B.Individual Responsibility
Each individual subject to the Policy has ultimate responsibility for adhering to the Policy and avoiding improper trading. Appropriate judgement should be exercised in connection with any securities transactions. If you have any questions relating to a proposed transaction or about the scope or application of the Policy, please seek additional guidance from the Office of the Corporate Secretary.
C.Safeguarding Confidential Information
The Coca-Cola Company Code of Business Conduct addresses the safeguarding of confidential information. Confidential information should only be shared with those who have both the authorization to access it and a need to know the information in order to do their jobs. Sharing confidential information with friends or family, or discussing it in public places, such as elevators, public transportation and restaurants or on social media can put that information at risk of being disclosed (and possibly misused).
V.Penalties for Violations
Subject to applicable law, Company employees who violate the Policy may be investigated for a Code of Business Conduct violation and subject to disciplinary action, including termination of employment and possible claims for any damages sustained by the Company as a result of such illicit activities.
In addition to injunctive relief, disgorgement and other ancillary remedies, U.S. law empowers the government to seek significant civil penalties against persons found liable of insider trading, including tippers and tippees. The amount of a penalty could total three times the profits made or losses avoided. The maximum penalty may be assessed even against the tipper for the profits made or losses avoided by all tippees, including others who have been tipped by the tippee. Also, significant civil penalties can be imposed on any person who “controls” a person who engages in illegal insider trading and failed to take reasonable steps to prevent such trading.

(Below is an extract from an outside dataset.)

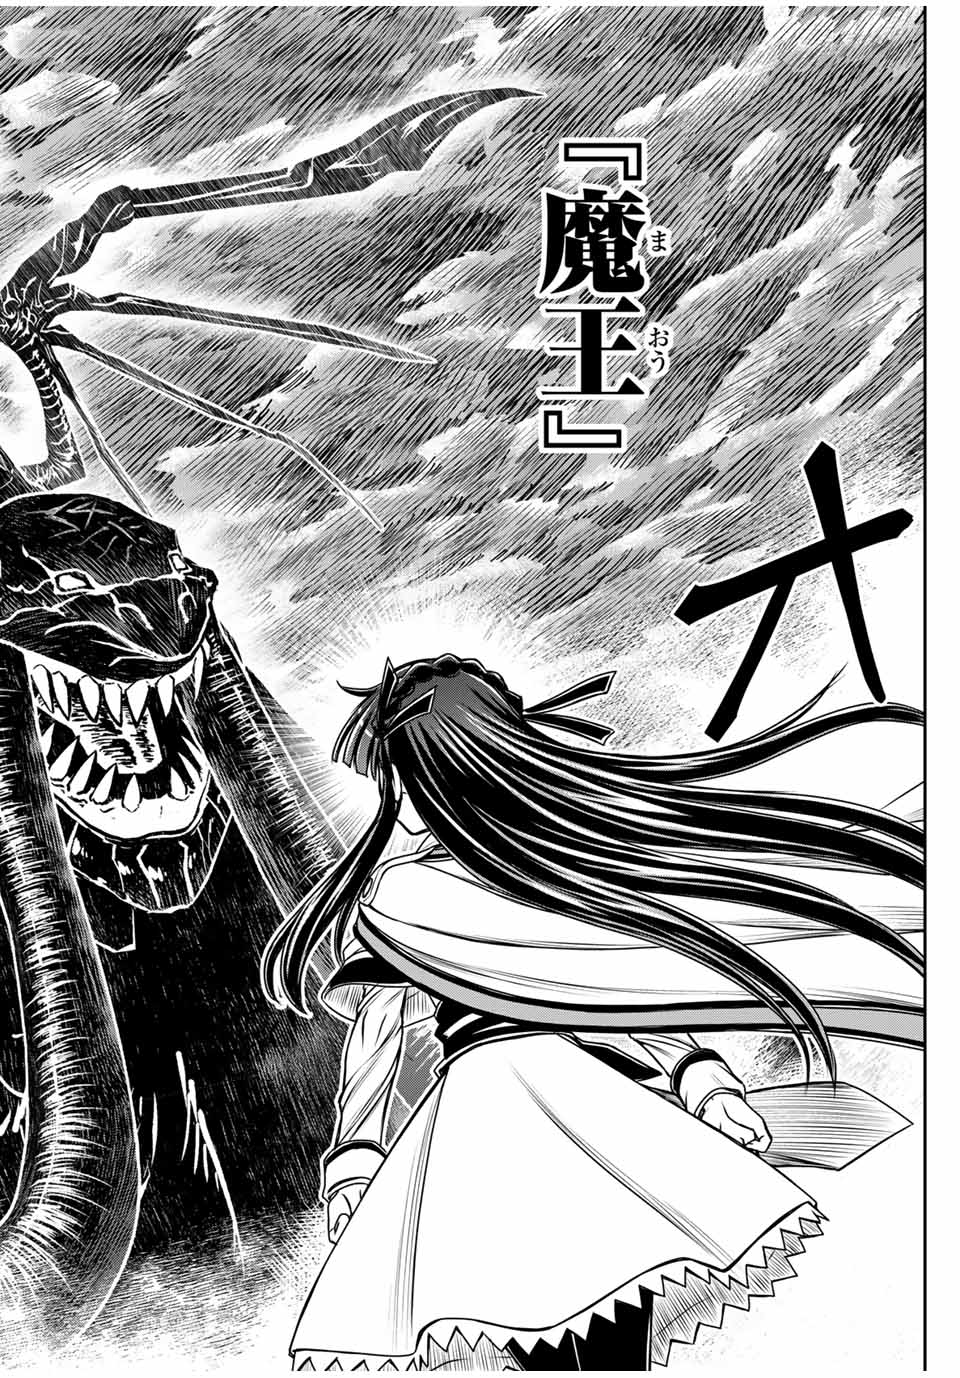 Nengan no Akuyaku Reijou (Last Boss) no Karada wo Teniiretazo!  - Chapter 23 - Page 2

In the United States and many other countries, the personal consequences of illegal insider trading can be severe. Criminal penalties may also be imposed for insider trading. Any person who “willfully” violates any provision of the Exchange Act (or rule thereunder) may be subject to significant fines and/or imprisonment.
For persons located or engaged in dealings outside the United States, the laws regarding insider trading and similar offenses differ from country to country. Section 16 Persons, employees, and other individuals subject to the Policy, must also abide by the laws of the country where located. However, compliance with the Policy is required even if local law is less restrictive.
If securities transactions ever become the subject of scrutiny, they are likely to be viewed after-the-fact with the benefit of understanding the situation only after it has happened. As a result, before engaging in any transaction, persons subject to the Policy should carefully consider how the transaction may be construed in hindsight.